Number of wins by tour
- European Tour: 1
- Challenge Tour: 3
- Other: 2

Best results in major championships
- Masters Tournament: DNP
- PGA Championship: DNP
- U.S. Open: DNP
- The Open Championship: T48: 2011

= Richard McEvoy =

English golfer (born 1979)

Richard McEvoy (born 13 June 1979) is an English professional golfer who plays on the European Tour. In July 2018, he had his third Challenge Tour win, the Le Vaudreuil Golf Challenge and then won the Porsche European Open, on the European Tour, the following week.

==Amateur career==
McEvoy's amateur wins included the 2001 Lytham Trophy, and the 2001 Irish Amateur Open Championship. He was a member of the 2001 Great Britain & Ireland Walker Cup team, and turned professional at the end of the year.

==Professional career==
McEvoy won two third-tier PGA EuroPro Tour events in 2002, before gaining a European Tour card at the 2003 final qualifying school where he was also medalist.

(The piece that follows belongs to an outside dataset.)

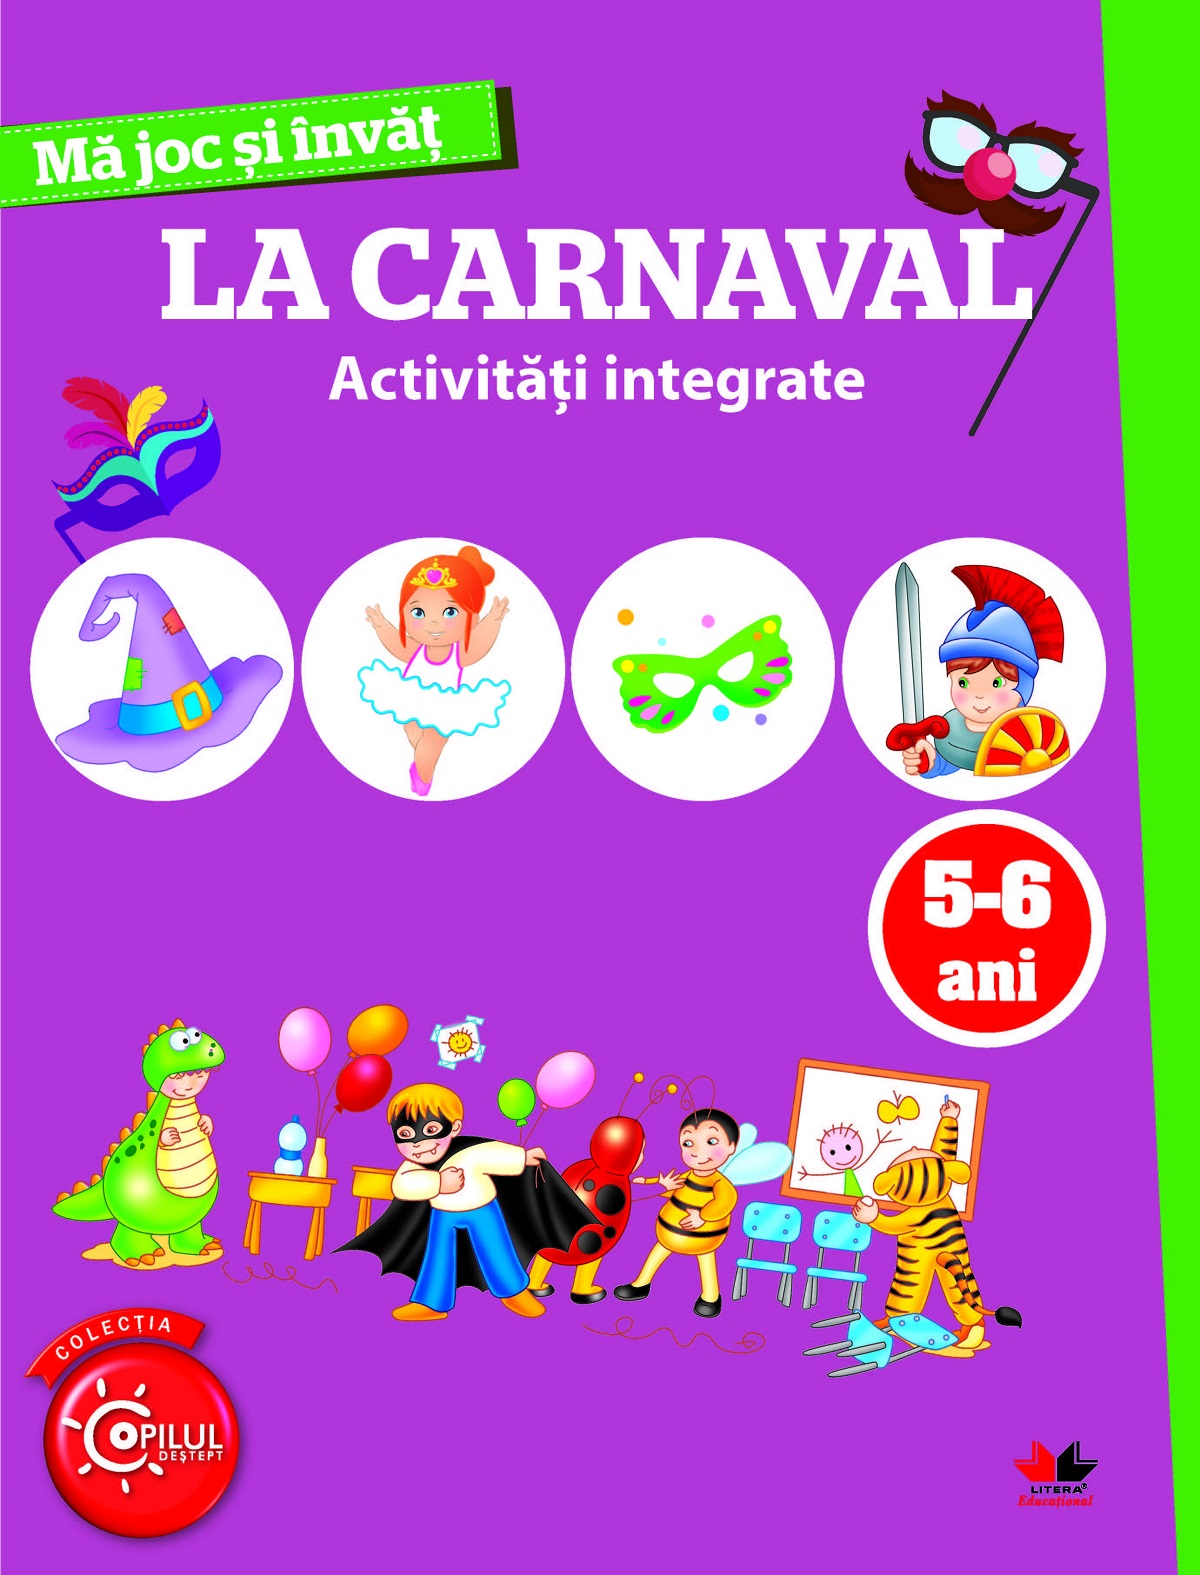 Ma joc si invat: La carnaval. Activitati integrate 5-6 ani

He has played several seasons on the tour, but never made enough money in a season to retain his card, until 2010. He regained privileges via the second tier Challenge Tour Rankings in 2005, having won the Panasonic Panama Open during that season, qualifying school in 2006 and through the Challenge Tour again in 2009.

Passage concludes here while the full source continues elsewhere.